ВСЕ-ТАКИ ПАПА – НАСТОЯЩИЙ ВОЛШЕБНИК, А НАВЕСЕЛЕ ОН ОСОБЕННО ДОБР И НЕЖЕН. Я ПОЛЕТЕЛА В ПАЛАТКУ, НЕ ВЕРЯ СВОЕМУ СЧАСТЬЮ.
Как и все дети, я любила мороженое, но бабуся обычно портила все удовольствие: она ставила его в блюдечке на батарею подтаивать и, дождавшись, когда лакомство превращалось в белую лужицу с раскисшим посредине влажным вафельным стаканчиком, приносила мне с ложечкой. И есть его было скучно и почти полезно. Весь смысл слова «мороженое» терялся…
А сегодня я буду есть его сразу после покупки, крепкое, не подтаявшее, в румяной вафле!
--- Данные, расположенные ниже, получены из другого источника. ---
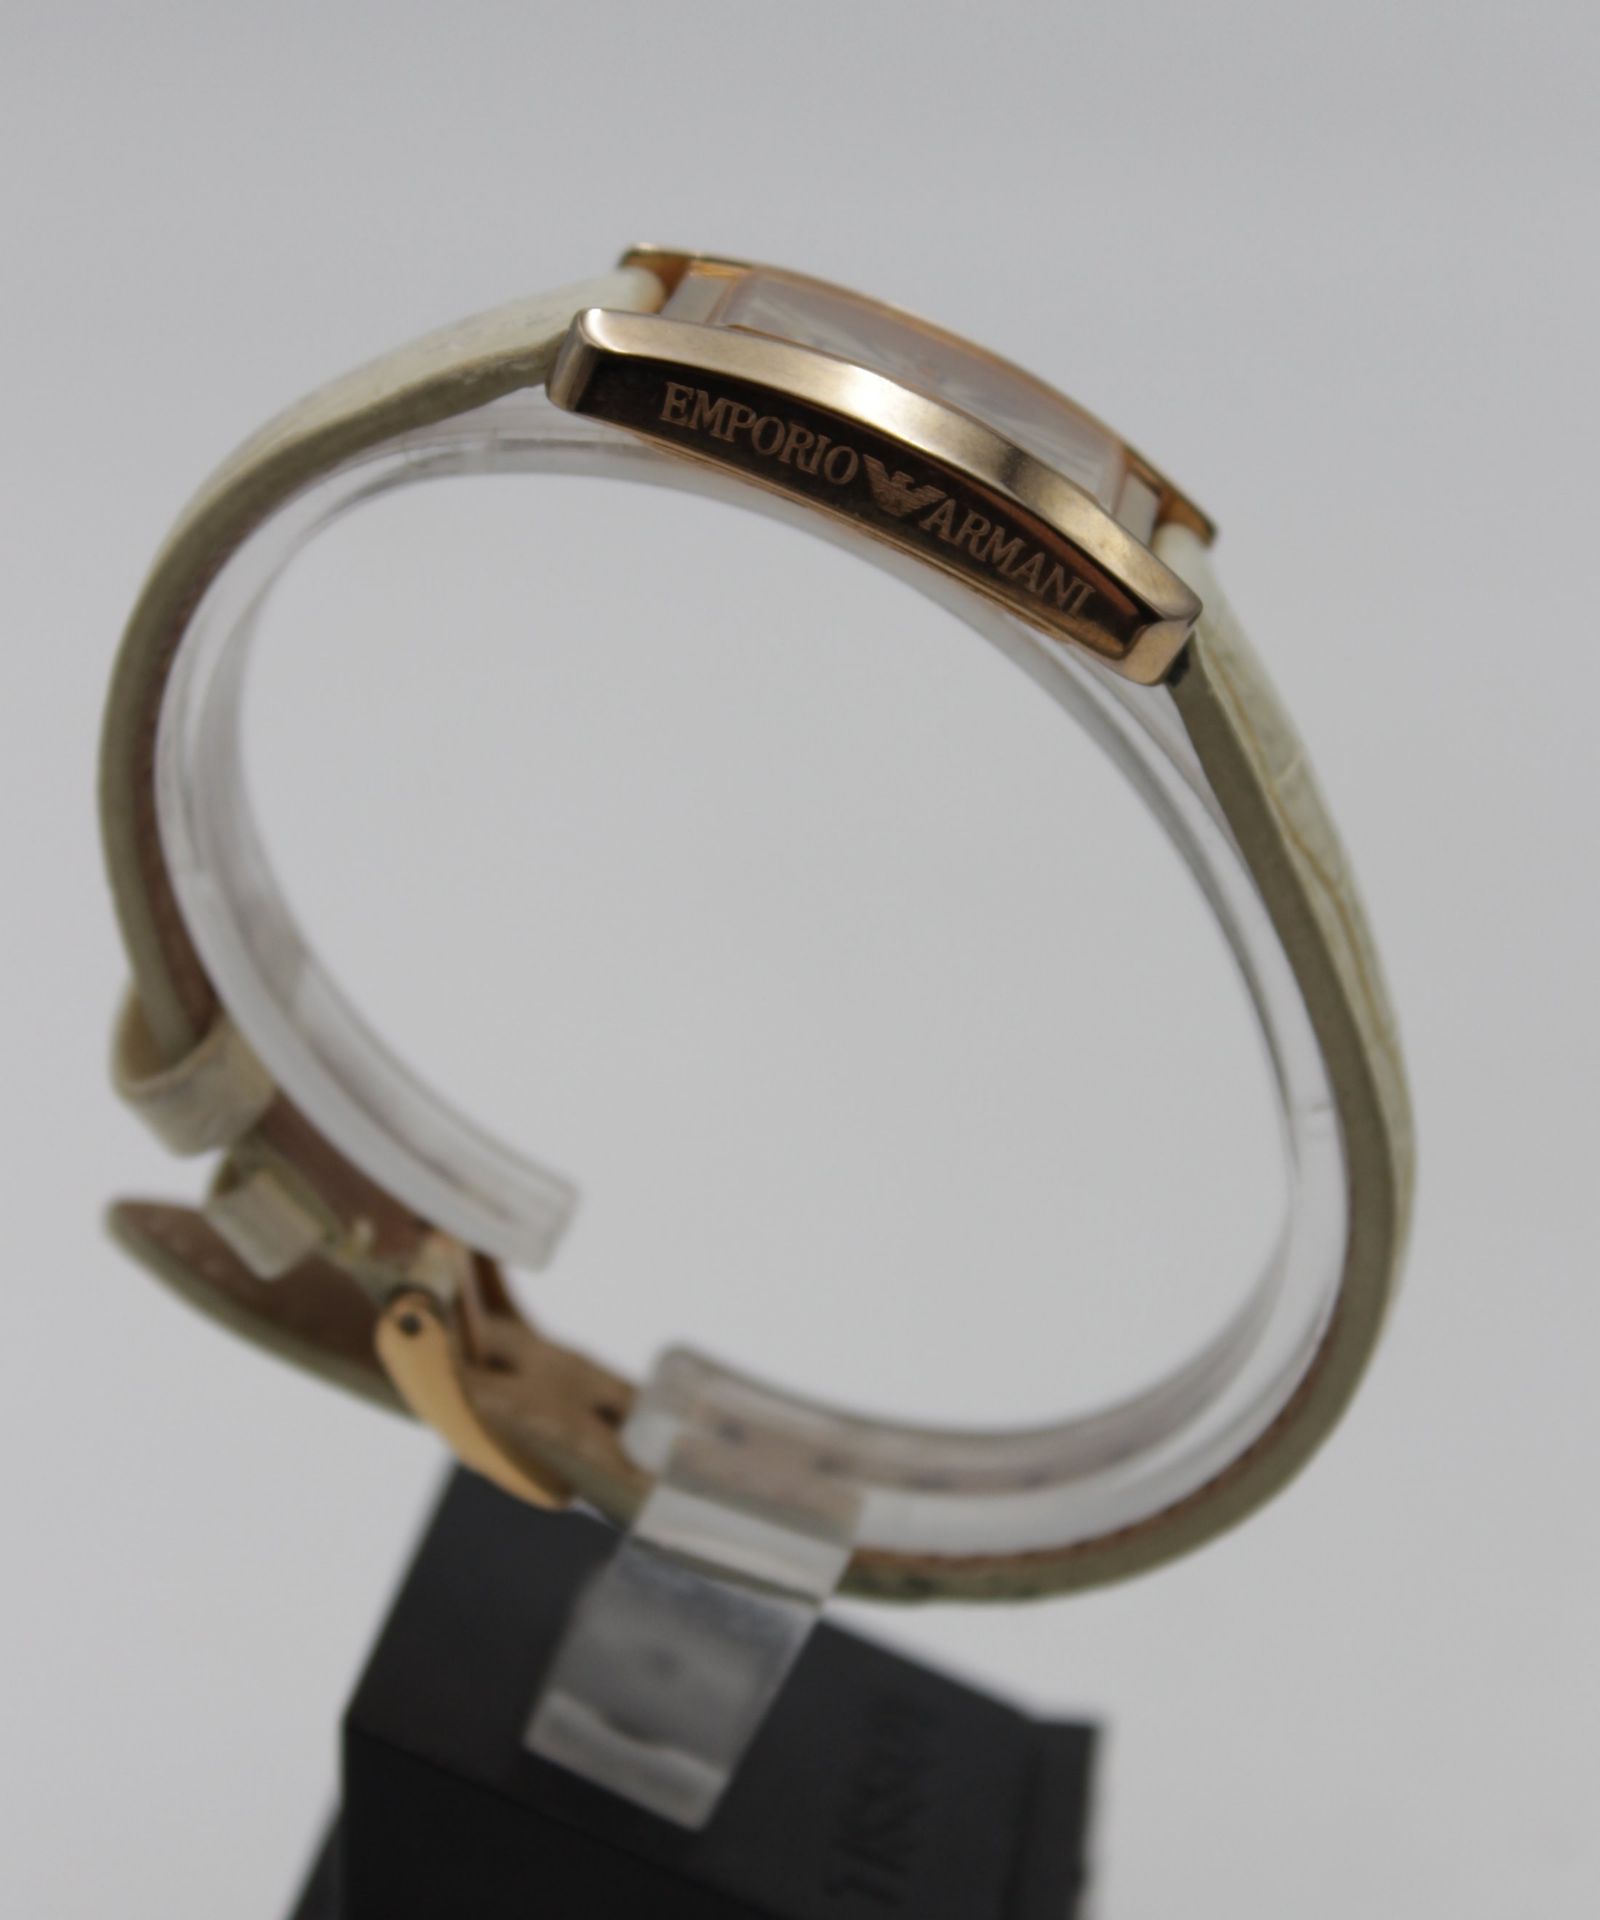 Damen-Armbanduhr, Emporio Armani, Quarz, Armband mit Tragespuren, anbei orig. Etui, ca. 2 x 3cm. - Bild 4 aus 6
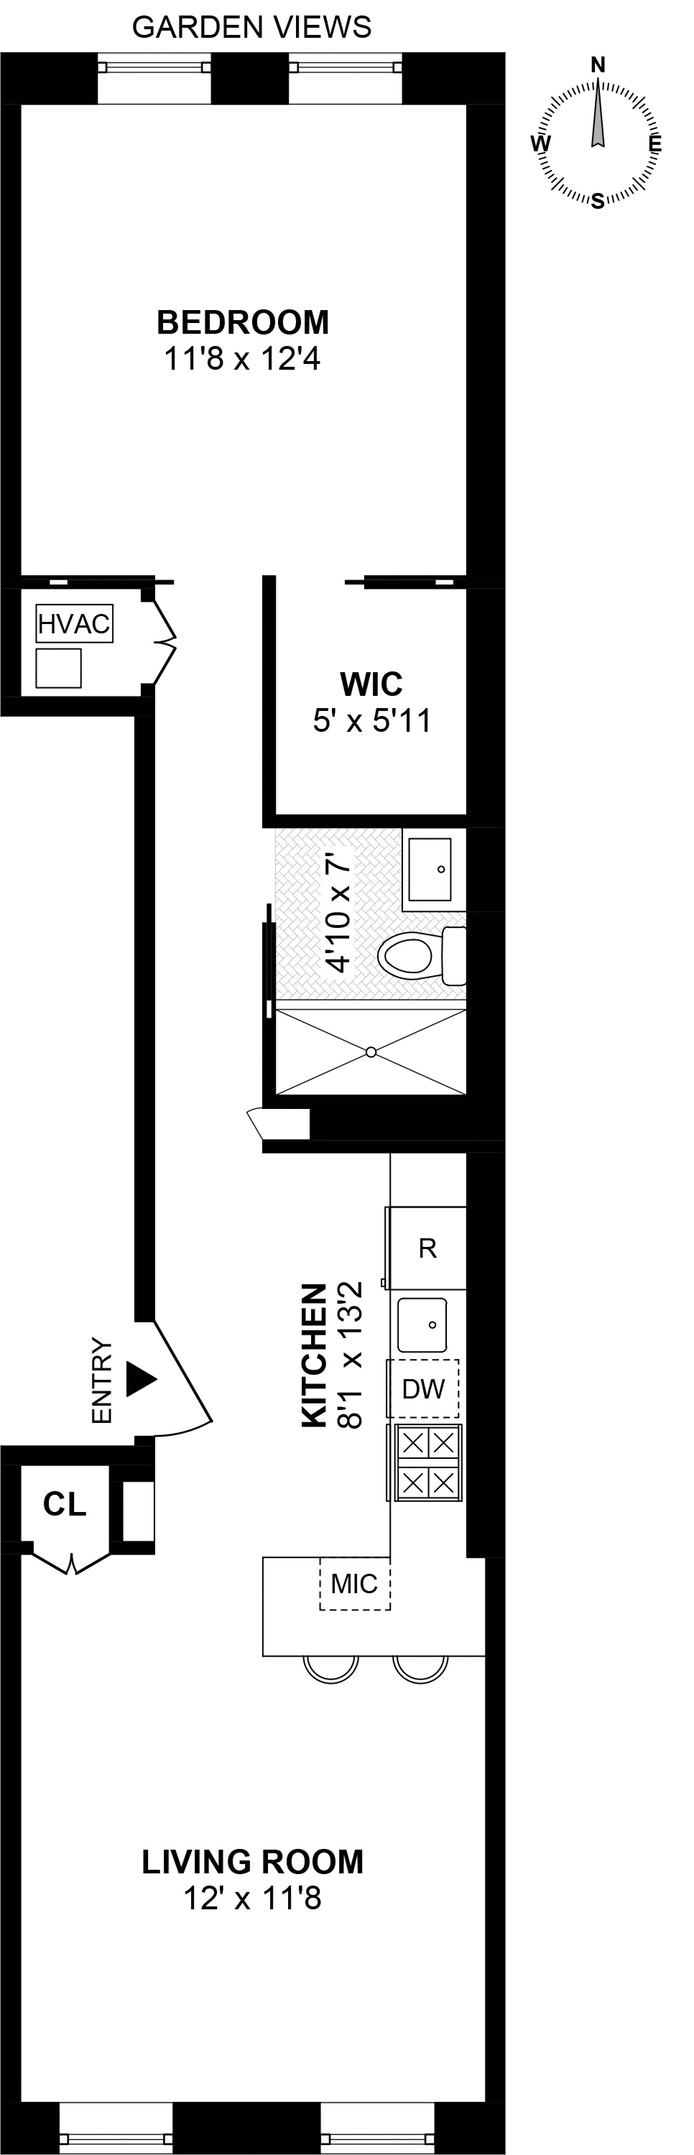 Floorplan for 419 West 48th Street, 2E

В полном восторге я умяла первые две порции. Говоря честно, мне больше и не хотелось, но папа протянул очередной рубль, и я пошла за очередной порцией, чтобы его не разочаровывать.
После четвертого мороженого у меня заболело горло. Я подумала о том, что на самом деле не так уж и сильно я люблю это мороженое…
– Ну, так сколько в тебя влезет? – подмигнул папа и протянул пятую порцию. Песня про волшебника, который прилетит в голубом вертолете и подарит «пятьсот эскимо», вызывала теперь у меня недоумение: что с ними делать, с пятьюстами морожеными? Разве что раздать…
Я съела пять с половиной мороженых. Больше не могла. Но папа был доволен и, доедая за мной шестую порцию, смеялся и говорил, что исполнять заветные желания очень весело. Я была счастлива, что папе со мной не скучно.
Позже мы с папой приходим домой, и я горю от счастья, а вечером выясняется, что от температуры. Затем я проваливаюсь в зыбкий горячечный туман и, редко из него выныривая, досматриваю тот день отрезками диафильма.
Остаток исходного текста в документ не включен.